Jennifer didn’t come forward until the end of November, when she posted her first YouTube video. She kept the camera pointed away from her face as she discussed the misinformation surrounding her case and the harassment she’d endured. But as she spoke out, she and her adoptive family became more estranged—fissures that aired out on the YouTube blogosphere in ugly fashion.

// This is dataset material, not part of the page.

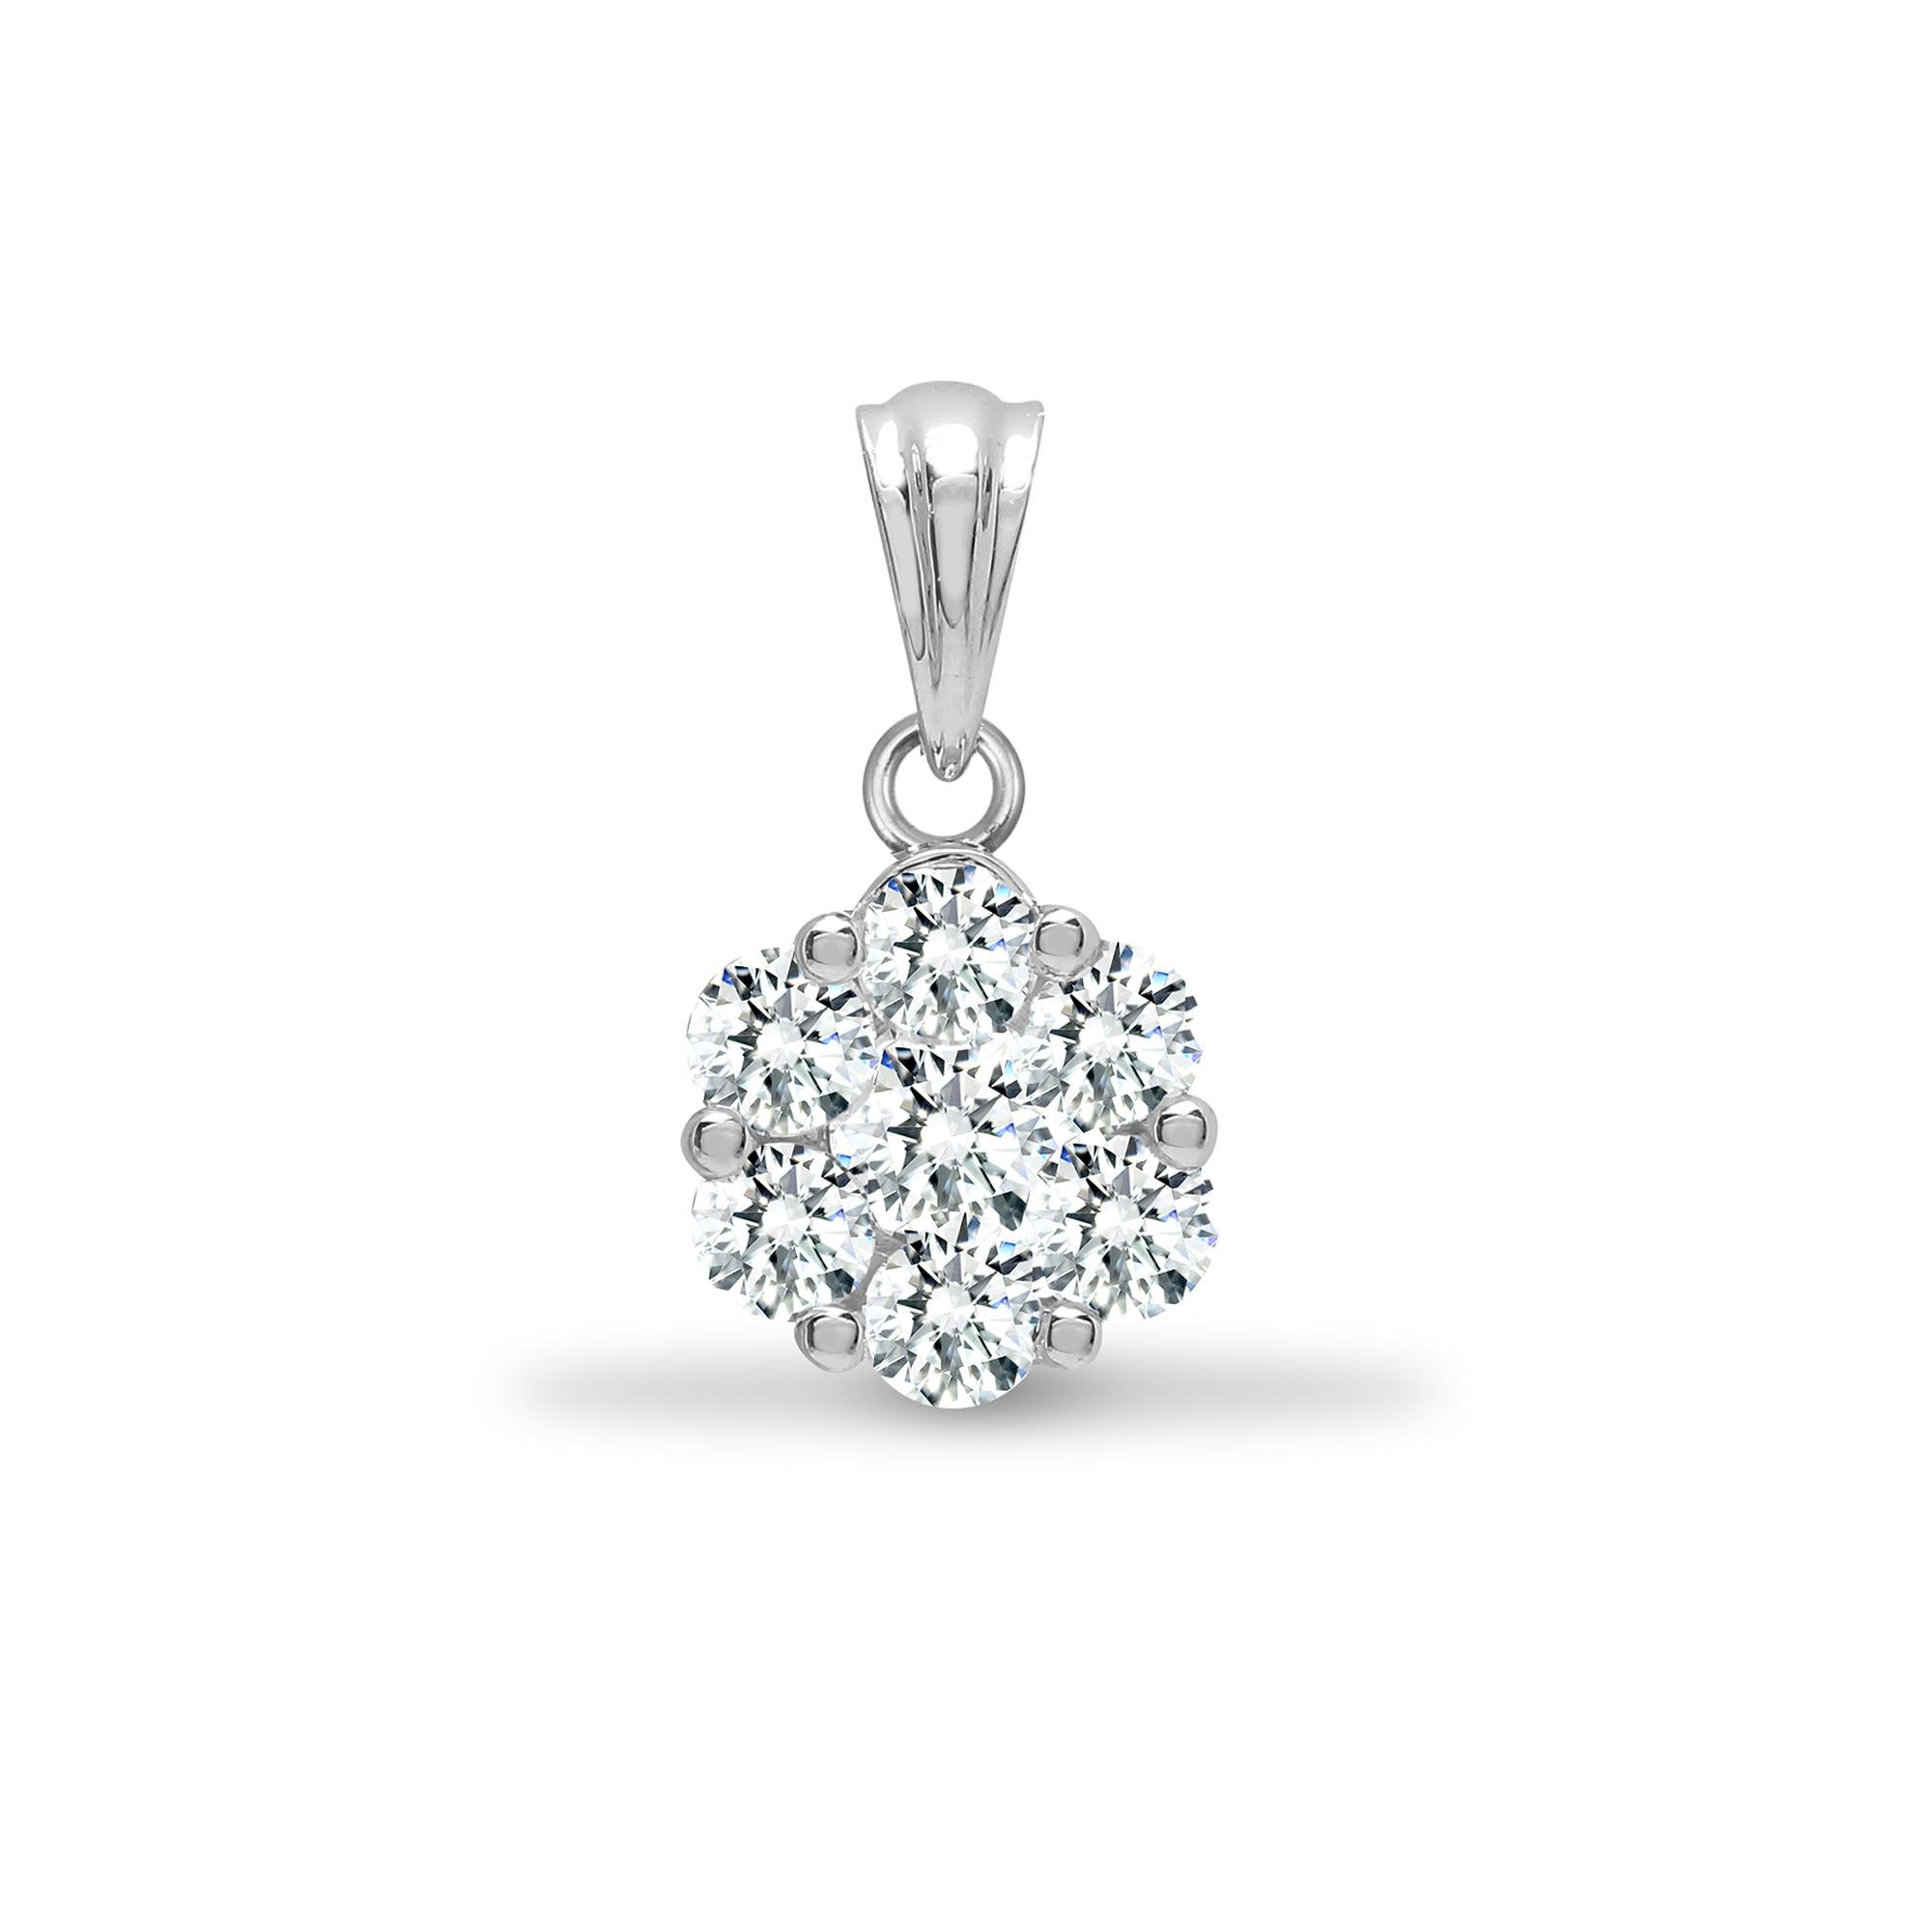 This Beautiful 0.50 Carat Flower design Cluster Diamond pendant features 7 round brilliant cut natural diamonds Color G/H Clarity SI1 Round White Diamonds. Comes with a stunning white gold necklace chain all set in 18 Karat white gold, suitable for

Jennifer’s adoptive aunt, who allegedly took her to see the district attorney back in the 1990s, was actually the first person to speak publicly on her behalf, when she gave an interview to the YouTube gossip blog Daytime Tea Time in 2018 to dispute the misinformation that had spread about Petty’s assault victim, including the idea that they were in a relationship. But over the past few months, Jennifer’s cousin Shiran “Sunday” Grayson—whom Jennifer alleges lived with Minaj’s friend TT when discussion of the case arose in 2018—has disputed her account, primarily on the YouTube channel Black Tea Blog. (The channel has posted several videos attempting to discredit Jennifer’s story and prove Petty is innocent.)
Not long after Jennifer posted her first video in November, she spoke live on Nosey’s YouTube channel in early December—and wound up in a shouting match with Grayson, who was also in the audience and called her out by name. (Jennifer had not, at that point, disclosed any part of her identity publicly.) Grayson called her “delusional” and said she was “going too far.”
“You need to cut it out,” Grayson said. “You really need to before you get yourself hurt out here, homegirl.”
Little over a week later, Jennifer posted a tearful follow-up video. In January, she posted another in which she finally showed her face—and implored Minaj and Petty, “Tell your fucking people to leave my family alone… Leave me and my family the fuck alone.”
Three days later, the cousin Petty and Jennifer’s brother share, Marie, also appeared on Black Tea Blog to call Jennifer a liar—and even threatened her on air.
“I know where you live, boo,” she said. “... I ain’t scared of police. Check my track record. I ain’t never scared… Stand down, bitch.” She threatened to make Jennifer’s address public, and insinuated that doing so would help an abusive former partner, the father of Jennifer’s younger daughter, hunt her down.
“Don’t play with me, bitch,” she said. “Seriously.”
Although Jennifer said she has not received much direct harassment from Minaj’s fans—most of her social media accounts are private—she noted that those who’ve advocated for her have. Both Nosey and Hotshot Radio, another YouTuber who’s spoken out on her behalf for months and interviewed her on his channel, have been inundated with hateful comments and even threats.
In light of everything that’s happened, it’s not hard to understand why Nosey is concerned for Jennifer’s safety as the case against Kenneth Petty moves forward. “If he does end up going to jail for being a sex offender and not registering, that can get really dangerous for her because [Jennifer is] going to be blamed,” she said. “And they are associated with a lot of dangerous people.”
Jennifer, meanwhile, recently retained legal counsel from Kaedian LLP. (The Daily Beast has viewed an engagement agreement.) She’s moved once more, to a place where she’s begun to actually feel safe. After all she’s endured, she said, she has one hope: “For people out in the world to know that you can’t do stuff like this and get away with it. And for women who have been abused, for women who have been assaulted, for them to not live in fear of speaking their truth. No matter who the person is.”